A Sample of the Memoization Pattern in F#


Pieter Breed has been asking some useful questions on the F# list recently about using the “Map” type. I really appreciate it when people take the time to let us know when data structures are tricky to learn to use in F#.

Looking at Pieter’s blog made me think it might be instructive to show how the memoization pattern looks in F# (or at least one example of the pattern).  I’ve included the code below:

#light

 

open System

open System.Text

open System.Collections.Generic 

// Save computed results by using an internal dictionary.
// Note that memoize is inferred to have type
// memoize: (‘a -> ‘b) -> (‘a -> ‘b)

let memoize f =

    let cache = Dictionary<_, _>()

    fun x ->

        if cache.ContainsKey(x) then cache.[x]

        else let res = f x

             cache.[x] <- res

             res

// An example, taken from Pieter’s blog

let memoizedAppend =

    memoize (fun input ->

        printfn “Working out the value for ‘%A'” input

        String.concat “, “ [ for i in 0 .. 9 -> sprintf “%d: %s” i input ])

And using this in F# Interactive:

> Console.WriteLine(memoizedAppend(“this”))

Working out the value for“this”

0: this, 1: this, 2: this, 3: this, 4: this, 5: this, 6: this, 7: this, 8: this, 9: this

> Console.WriteLine(memoizedAppend(“this”))

0: this, 1: this, 2: this, 3: this, 4: this, 5: this, 6: this, 7: this, 8: this, 9: this

Some things to note here:

  • Working out the value for ‘this’ is only printed once, as we expcet
  • The generic type of memoize is computed automatically.
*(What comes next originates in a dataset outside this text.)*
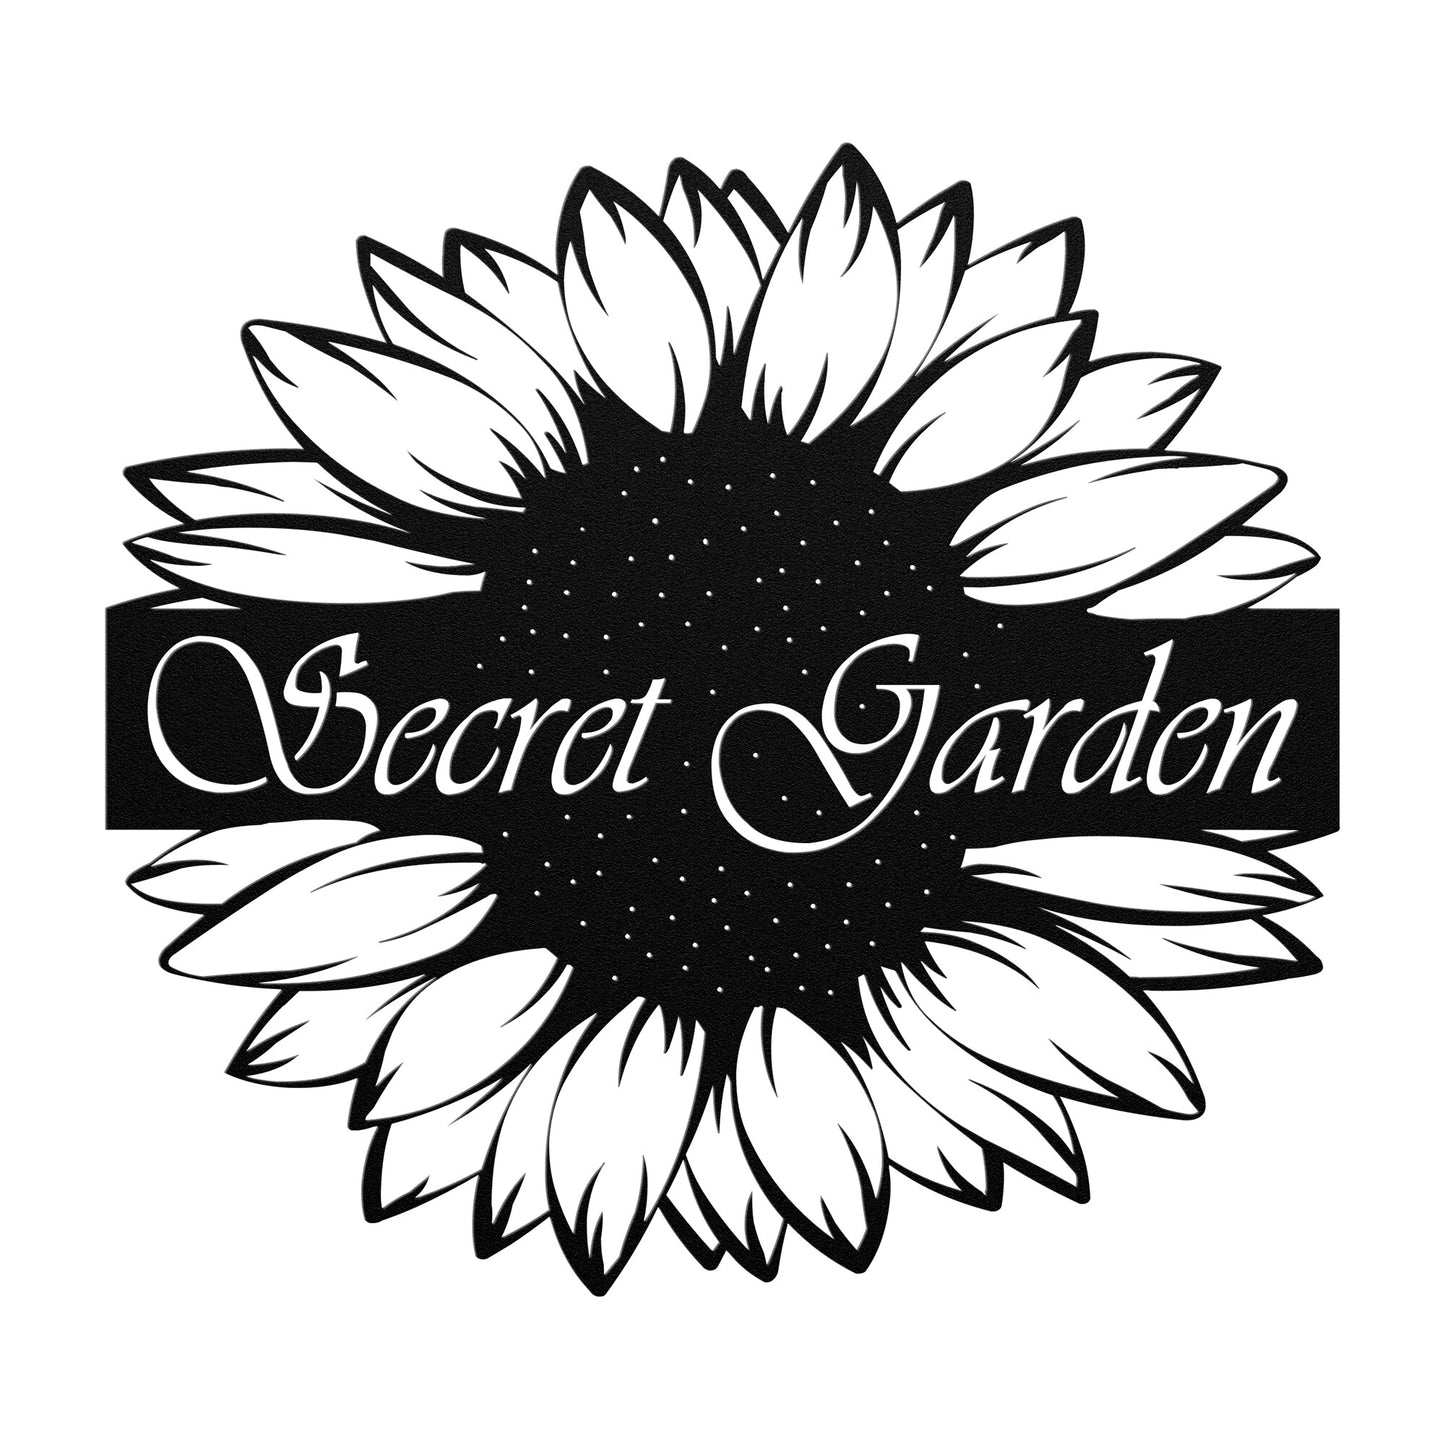 Secret Garden Sunflower Die Cut Metal Wall Art Sign

This makes the code short and clear (once you get used to the F# syntax). This is known as automatic generalization, and is a key part of type inference and succinct coding in all typed functional languages.
  • The example uses double lookup – this can be changed if necessary, but I thought it instructive to keep the same structure as Pieter’s sample

There will be a section on memoization and caching in the Expert F# book, in the “Techniques” chapter

Update: Here’s the single-lookup version of this:

let memoize f =
    let cache = Dictionary<_, _>()
    fun x ->
        let mutable ok = Unchecked.defaultof<_>
        let res = cache.TryGetValue(x,&ok)
        if ok then res
        else let res = f x
             cache.[x] <- res
             res

.Update: here’s a version that uses a single mutable reference cell holding an immutable tree-based Map value.

let memoize f =

    let cache = ref Map.empty

    fun x ->

        match (!cache).TryFind(x) with

        | Some res -> res

        | None ->

             let res = f x

             cache := (!cache).Add(x,res)

             res

 

 

don

 

Comments (10)

  1. I find myself not liking the "pattern" of doing a .ContainsKey then a seperate call to access the value.  Much better is this pattern (sorry C# here, don’t know F# yet):

    if (!cache.TryGetValue(x, out res)

    {

      res = f(x);

      cache[x] = res;

    }  

    return res;

  2. Bill Odefey says:

    I have a very basic question – if you are giving an example about Map, why didn’t you use type Map from the FSharp namespace instead of using the .Net Dictionary. Does it make a difference?

  3. dsyme says:

    Hi Bill,

    I’ve added the code for a version that uses "Map". Maps are an immutable data structure not usually used for this purpose , since the pattern fundamentally uses hidden mutable state, and a hash table is usually the best implementation for mutable state lookup. Maps are usually used in algorithms that explore different paths under different environments.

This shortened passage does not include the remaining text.